Similarly `file.Readdir()` and `file.Readdirname()` can only be called on a file
opened with its exact casing.

## What if one of the *parent* folders has the wrong case?

`screw` only checks the last path component, ie. the "base name", for performance
and compatibility reasons.

Checking the *entire path* has these problems:

* It's expensive to call `FindFirstFile` for every path element, like:
* `C:\Users\bob\AppData\Roaming\something`
* `C:\Users\bob\AppData\Roaming`
* `C:\Users\bob\AppData`
* `C:\Users\bob`
* `C:\Users`
* On macOS, the "reference path" might be different even if both have the true case, e.g.:
* `/tmp/foobar` has reference path:
* `/private/tmp/foobar`

## API Additions

In addition to wrapping a lot of `os` functions, `screw` also provides these functions:

| Operation | Existing file name | Parameter | Result
|---------------|-----------------------|--------------------------|--------------------------
| TrueBaseName | (none) | "apricot" | ✅ ""
| | "apricot" | "apricot" | ✅ "apricot"
| | "apricot" | "APRICOT" | ✅ "apricot"
| | "apricot/seed" | "apricot/SEED" | ✅ "apricot/seed"
| | "apricot/seed" | "APRICOT/seed" | ✅ "aAPRICOT/seed"

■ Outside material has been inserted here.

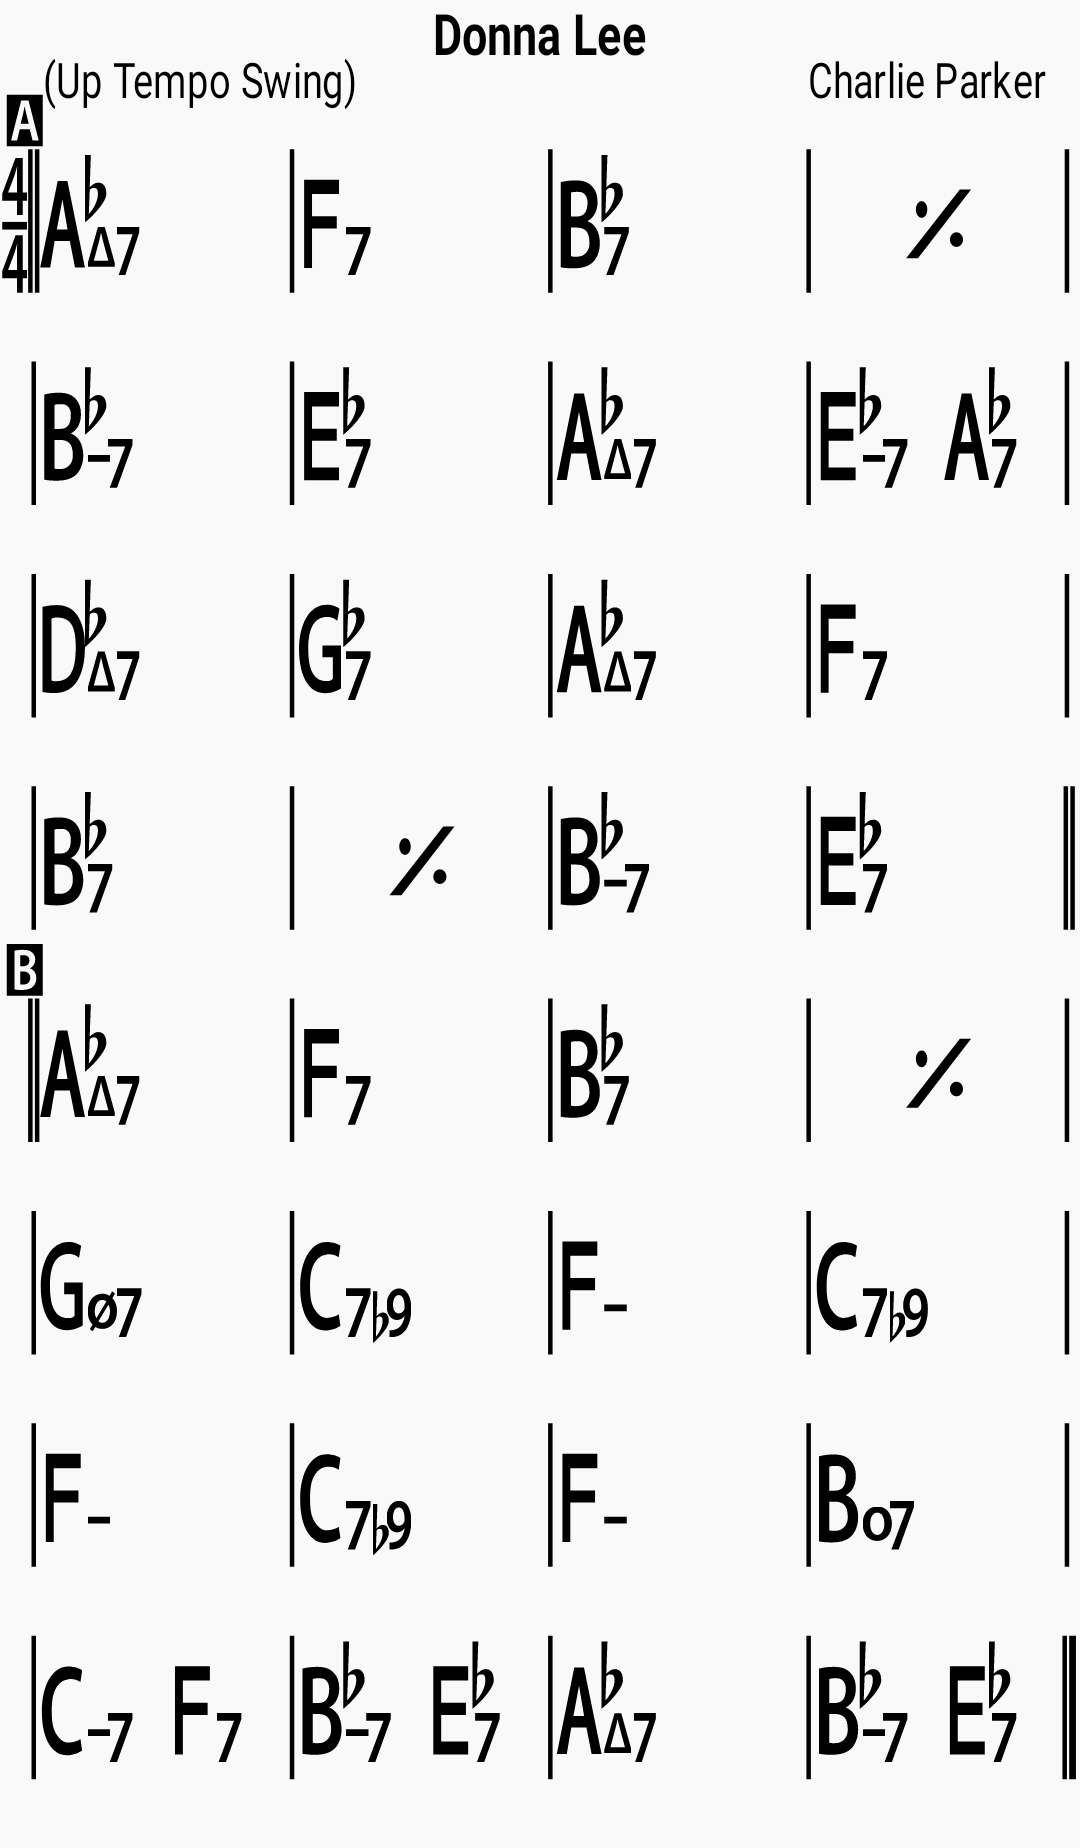 Chord chart for the jazz standard Donna Lee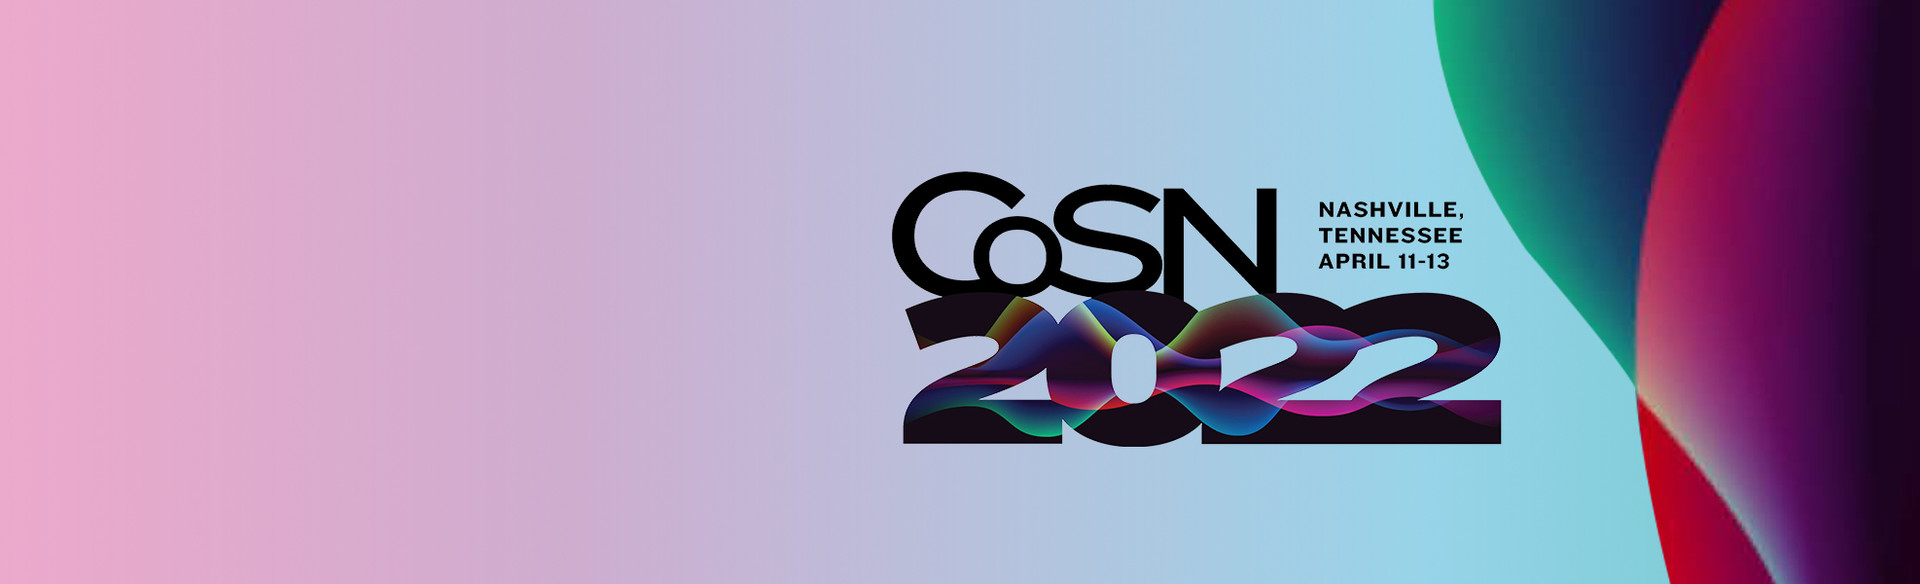 CoSN2022 Conference Insights

**Important note**: contrary to the simplified table above, `GetActualCase` returns absolute paths,
not relative ones.

## Rename

On Windows, `screw.Rename` differs from `os.Rename` in two ways.

After a case-only rename (e.g. `apricot` => `APRICOT`), screw makes sure the file now has the expected casing.
If it doesn't, it attempts a two-step rename, ie.:

* `apricot` => `apricot_rename_${pid}`
* `apricot_rename_${pid}` => `APRICOT`

This seems unnecessary on recent versions of Windows 10 (as of October 2019), but it is the author's recollection
that this wasn't always the case.

Additionally, `screw.Rename` contains retry logic on Windows (to sidestep spurious AV file locking),
and logic for older versions of Windows that don't support case-only renames.

## UNC paths

UNC paths (like `\\?\C:\Windows\`, `\\SOMEHOST\\Share`) are untested and unsupported in `screw` at the time of this writing.

## Error wrapping

`screw` always wraps errors in a `*os.PathError`, to provide additional information as to which
operation caused the error, and on which file.

Comparing errors with `==` is a **bad idea**.

Using `errors.Is(e, screw.ErrCaseConflict)` works.

Using `os.IsNotExist(e)` also works with `screw`-returned errors.

## Dependencies

On Windows, `screw` depends on `golang.org/x/sys/windows` to make the `FindFirstFile` syscall, instead of the legacy `syscall` package.

## Performance

Performance isn't a goal of `screw`, correctness is.